Tomasina laughed. “You said that yesterday, about peonies.”
Was that only yesterday? Though he’d slept barely two hours the night before, he was wide awake as they sat in the kitchen, consuming a bewildering range of foodstuffs.
“My mother,” said Merry, “gets weepy every time she sees that painting of Saint Francis. It’s magnificent, obviously, but you know, I think she sees in it her lost opportunity to convert for my dad, be the good Catholic wife. Not that she’d say so.”
“Which picture is that?” asked Nick.
“The huge Bellini.” She pushed back her chair, stood, and struck a beatific pose, arms spread, palms out, eyes toward the ceiling. “The painting is a whole cosmos unto itself, every single leaf and flower and cloud a tiny masterpiece. Like the painter is pointing everywhere at once, telling you, God created this and this and, dude, can you believe it, even this!” She looked at Tomasina. “Do you remember the donkey?’
“I do. Morty loved that donkey.”
“Now that you mention it,” said Merry, “I have a feeling he’s the one who brought it to my attention. Though we never saw it together.”
Nick’s focus shifted to Dani, who looked back and forth between the women not as if they were daft and snockered but with a cheerful, boyish wonder.
From fathers and art and donkeys, the conversation meandered to living in the city versus living in the country, to the difficulty of making a decent living in any creative or independent enterprise.
“Unless you’re a film stah,” Merry said in a dime-store British accent, smiling at Nick.
“I did have my decade of cadging and scrimping.” He tried not to sound defensive.
“A whole decade,” said Merry. “Poor you! So tell me this, star man. What was the craziest, most jackassed thing you ever did to get ahead?”
Nick stared at her for a moment. Not a single interviewer, over the months of campaigning for Taormina, had ever asked him a question like that. Along that circuit, there was an implicit code of courtesy, a no-fly zone. Even Deirdre’s history of toppling off the wagon was clearly taboo.

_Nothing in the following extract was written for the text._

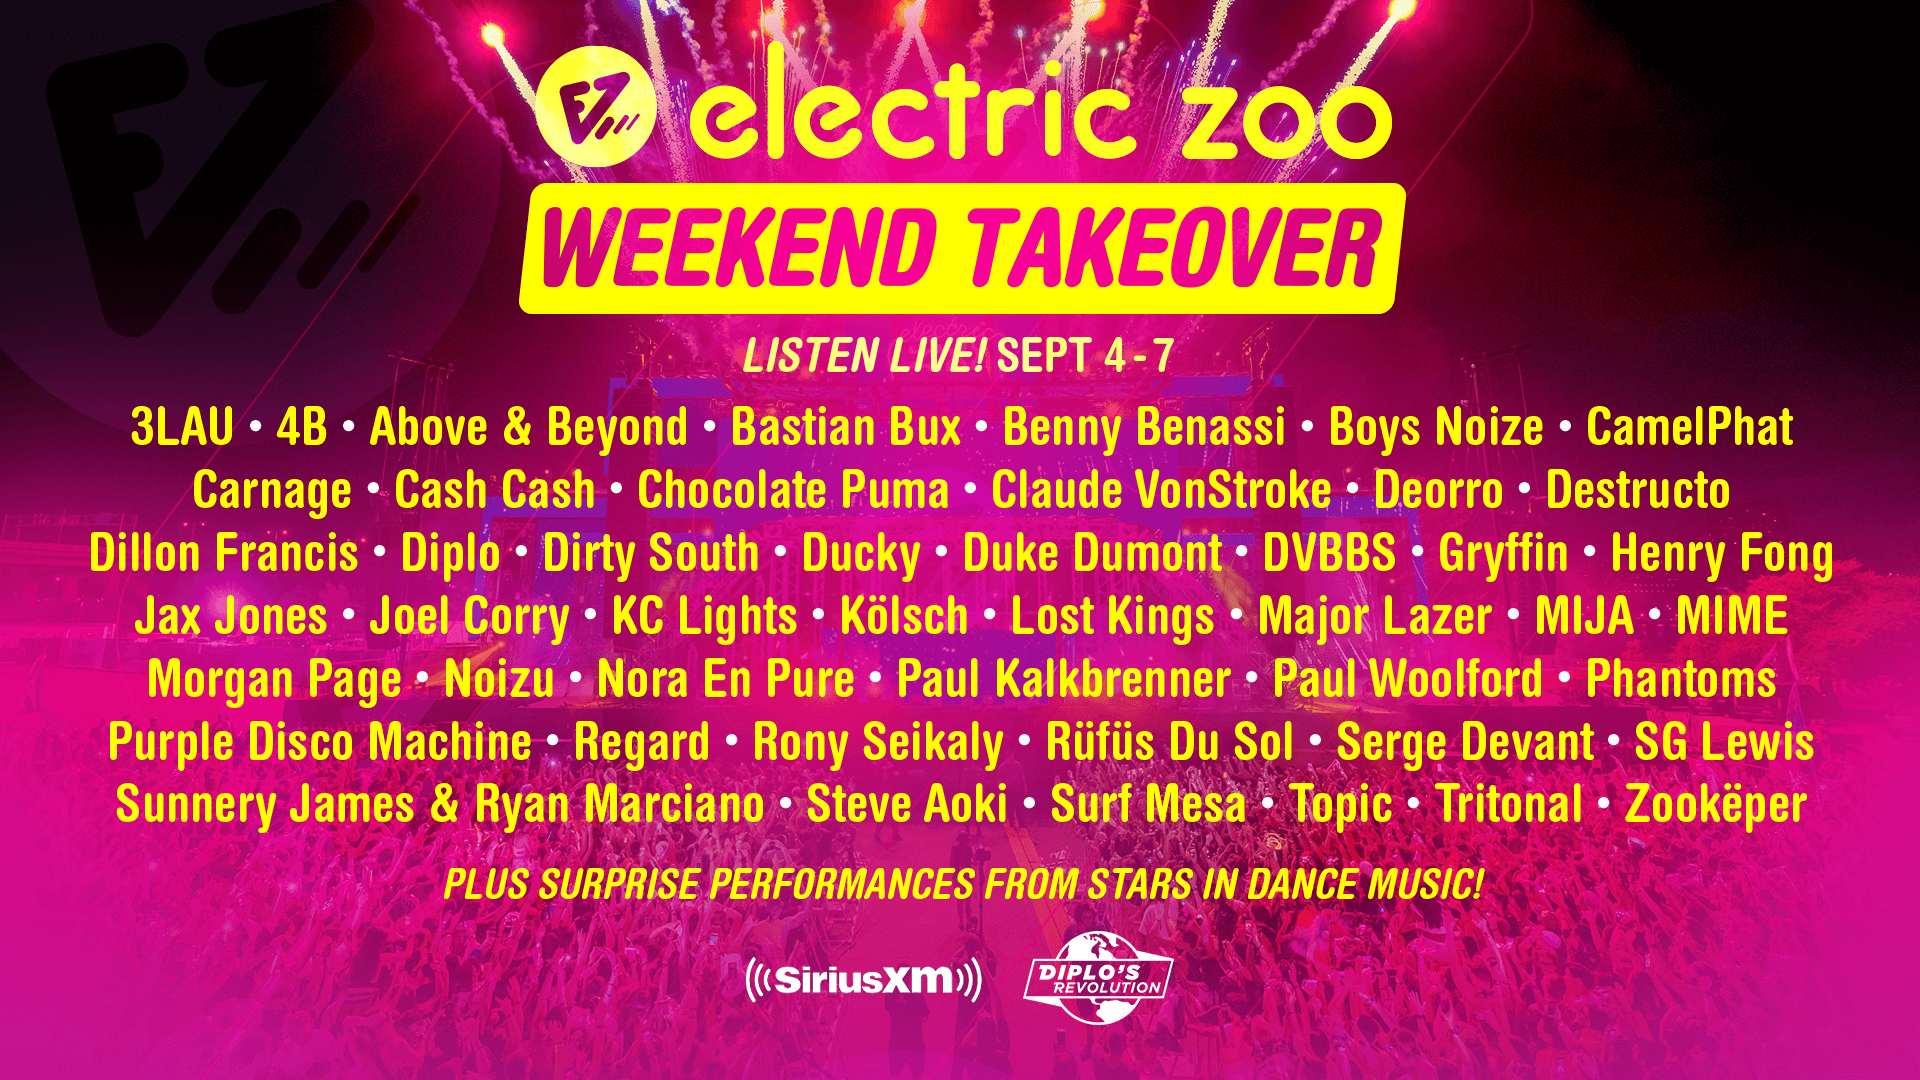 Electric Zoo SiriusXM

“That’s easy,” he said. “Decide to spend the weekend here.”
The others laughed, and someone uncorked another bottle of wine.

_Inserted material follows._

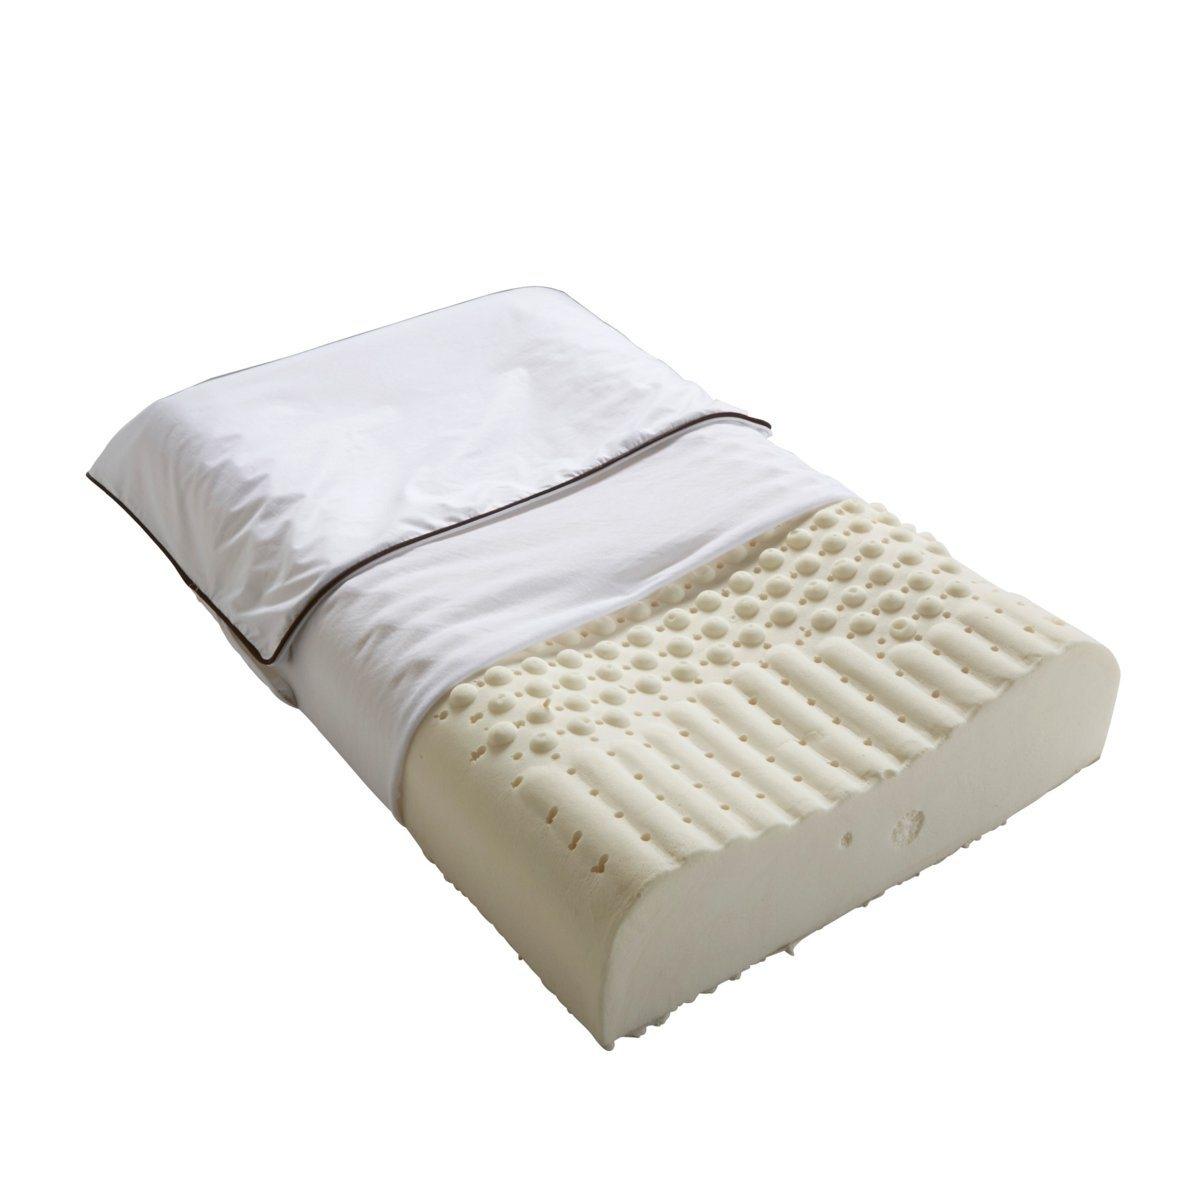 Подушка эргономичная с обработкой против клещей

Then it started: the questions about his favorite roles, the perks he gets, the attention from strangers. He didn’t mind their curiosity, though he was grateful nobody asked if he has a girlfriend. When they asked him about the Oscars (and he told them how tediously regimented the whole affair turns out to be), he was almost surprised that Merry didn’t come up with something like “Whatever happened to that blonde on your arm, the one in that spectacular purple gown?” How well he remembered that gown, the complex fuss required to get it off Kendra’s body after four hours of manic celebration.

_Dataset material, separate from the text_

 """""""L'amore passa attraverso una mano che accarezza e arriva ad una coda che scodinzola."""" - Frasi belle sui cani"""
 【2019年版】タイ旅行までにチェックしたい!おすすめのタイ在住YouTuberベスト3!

Merry, he suspects, is a woman who works so hard at what she loves that she has forgotten to attend to other passions. But what does he know? And who is he to take a pitying stance toward someone who hasn’t figured that bit out?
After reading Deirdre’s note, he sets the phone aside to take off his shoes. Then he sits on the couch and, bracing himself, opens the first message from Si.
News from Andrew: Toby Feld may be off the project.
His second: The kid is out of the picture. This is not good. Nobody blaming you, btw.
Which means that surely somebody is.
He skips over other, less important senders en route to Si’s next missive, sent an hour after the second: See this, from Andrew.
Forwarded is a message from the almighty pontiff: Losing the boy was fortuitous. The animation will carry those scenes.
“Fortuitous?” he hears himself utter. That’s it?